You don’t need a 4x4 8 cylinder Pick-up to go 2km to the store to buy bread.
You don’t need a 4x4 8 cylinder Pick-up to go 2km to the store to buy bread.
In the U.S., yes.
It’s simply another case where we have amazing technologies but we lack the right ways to use them, that’s what our culture does: creating amazing techs that can solve lots of human problems and then discarding the part that actually solves a problem unless it’s also profitable for the individual.
It literally is a problem of people wanting to submit other people for power games, that’s not how all societies work, but that’s a foundation for ours, but we’re playing this game so much that we almost broke the console (planet earth and our own bodies health).

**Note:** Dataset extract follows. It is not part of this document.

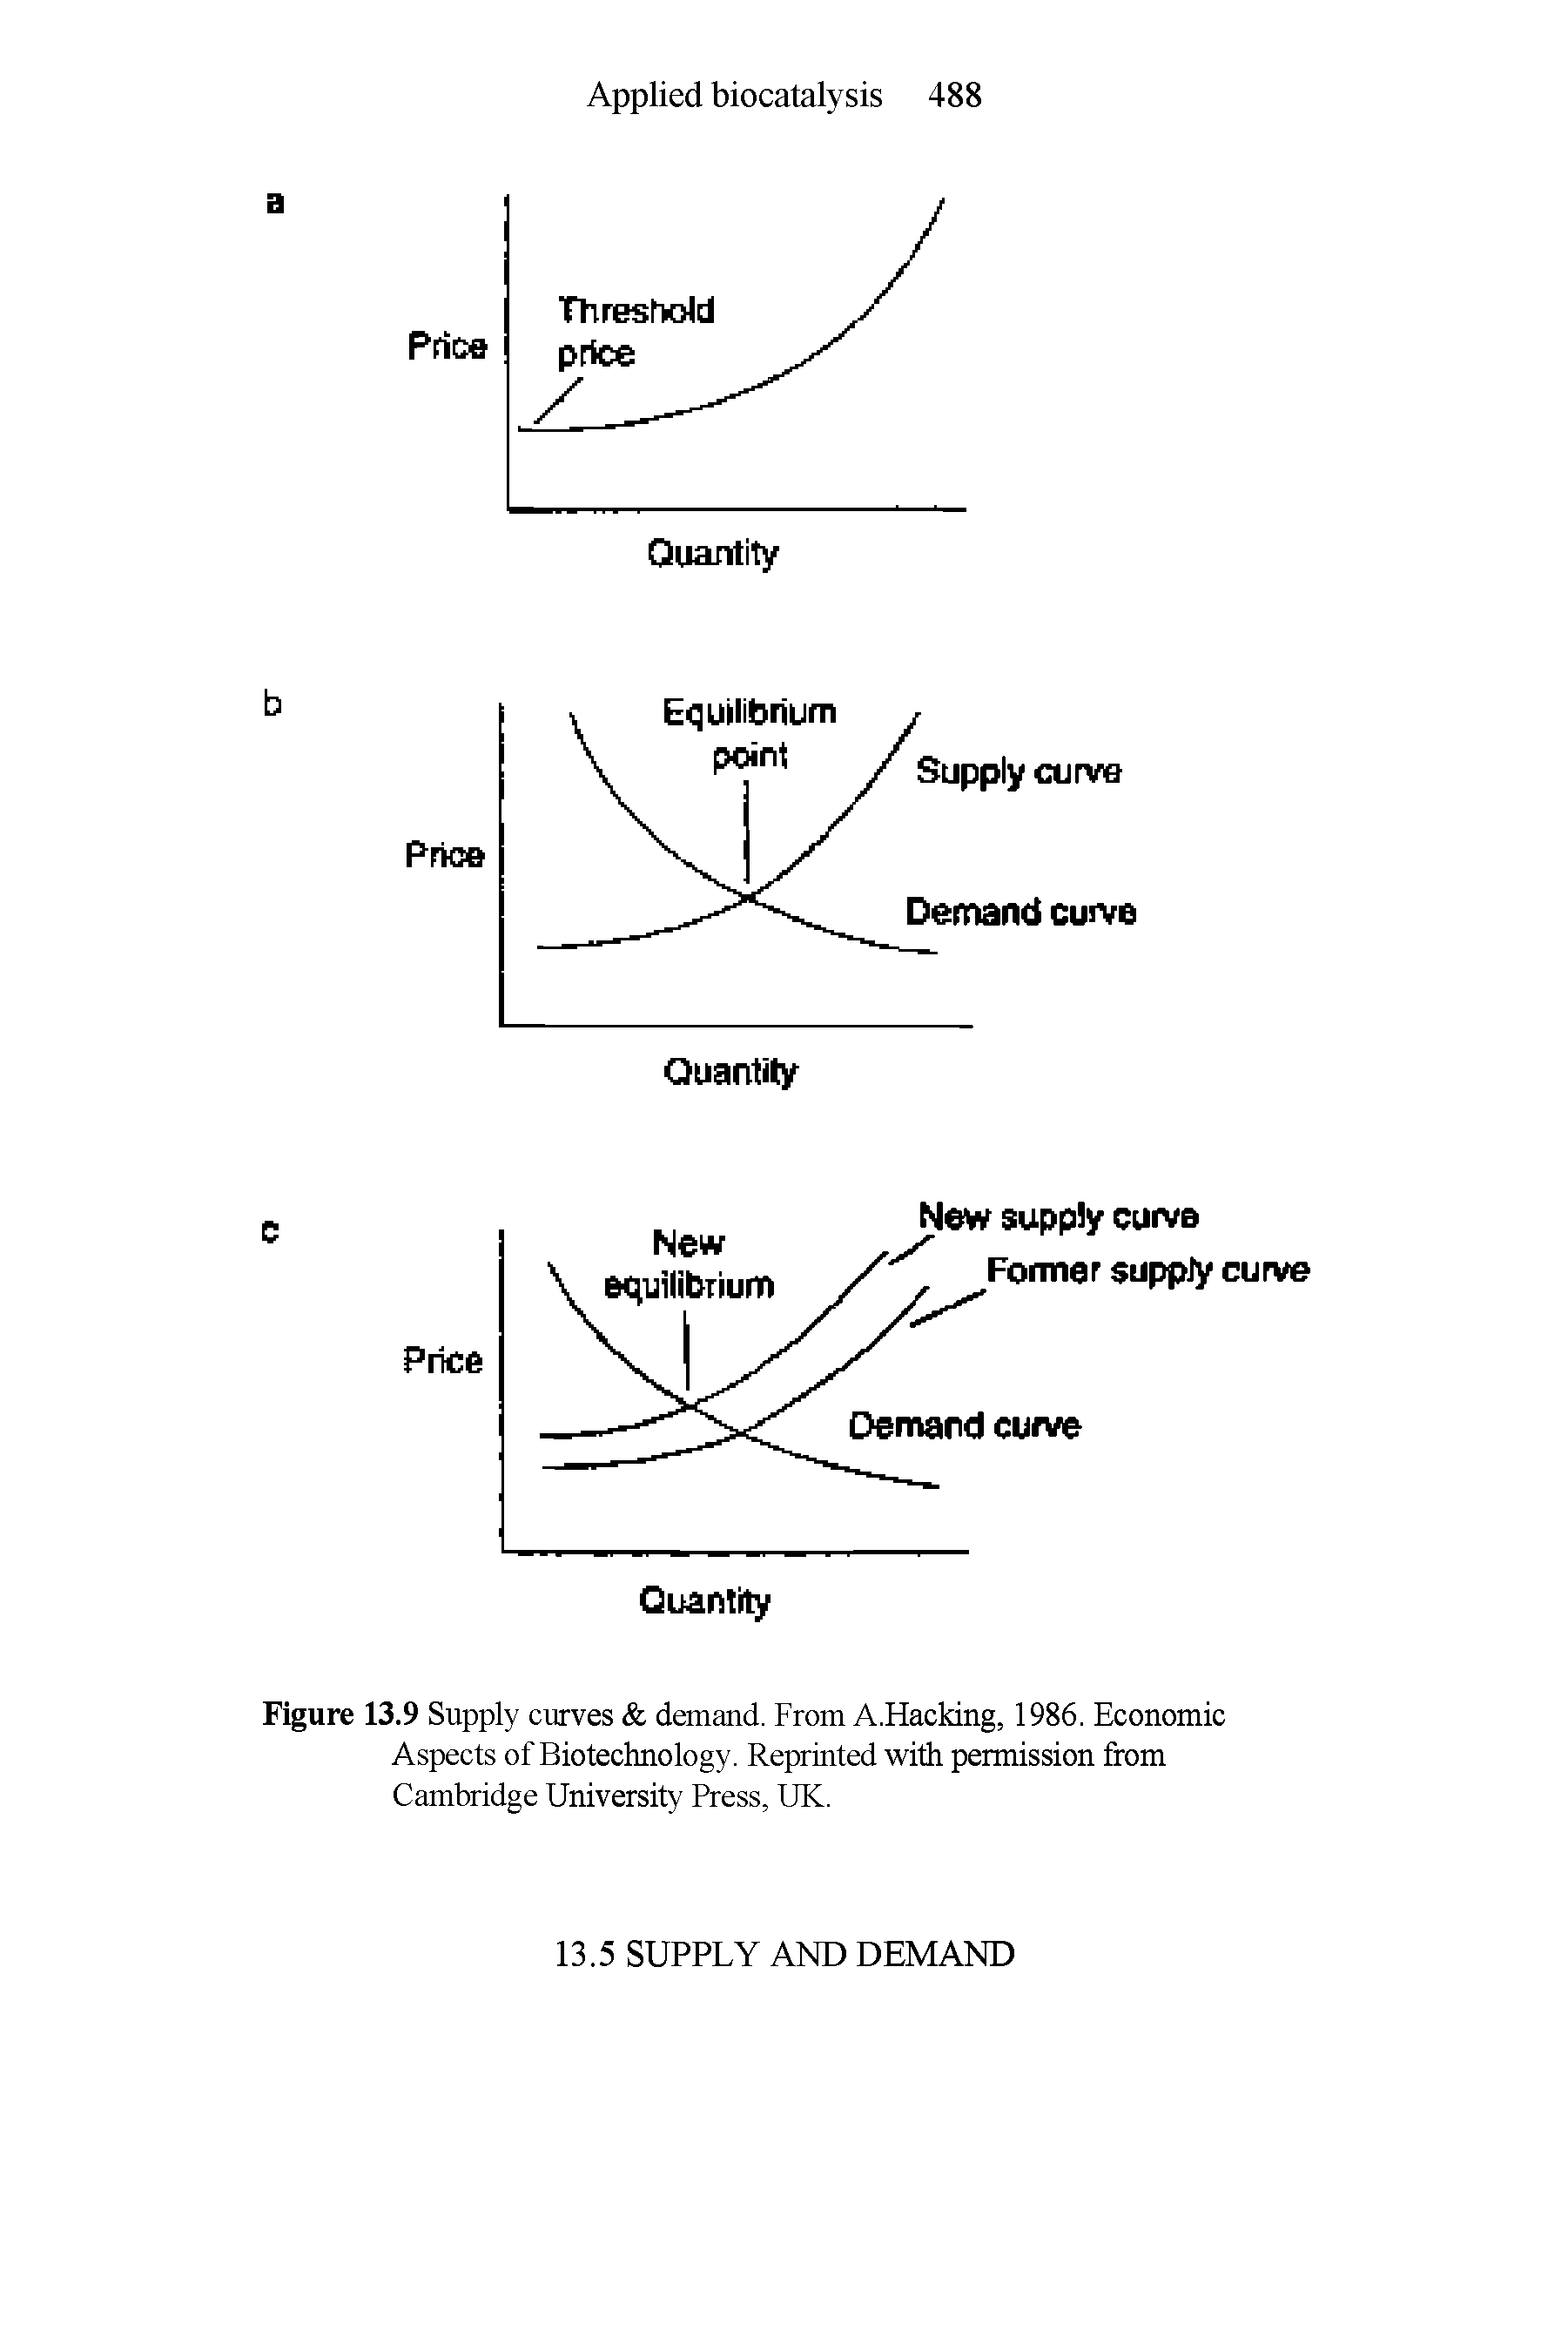 Figure 13.9 Supply curves demand. From A.Hacking, 1986. Economic Aspects of Biotechnology. Reprinted with permission from Cambridge University Press, UK.

It’s an anthropological problem, not a technological one.
This is the point, We have big advances in tech, physic, medicine. science…thanks to AI. But the first use we give it is to create memes, reading BS chats, and build it in fridges, or worst, build it in weapons to kill others.
We should reject them.
LLMs are tools. They’re not replacements for human creativity. They are not reliable sources of truth. They are interesting tools and toys that you can play with.
So have fun and play with them.
See, it’s not fun for the planet.
Well-said. LLMs do have some useful applications, but they cannot replace human creativity nor are they omniscient.
Instead of trying to prevent LLM training on our code, we should be demanding that the models themselves be freed.
You can demand it but it’s not an pragmatic demand as you claim. Open weight models aren’t equivalent to free software, they are much closer proprietary gratis software. Usually you don’t even get access to the training software and the training data and even if you did it would take millions of capital to reproduce them.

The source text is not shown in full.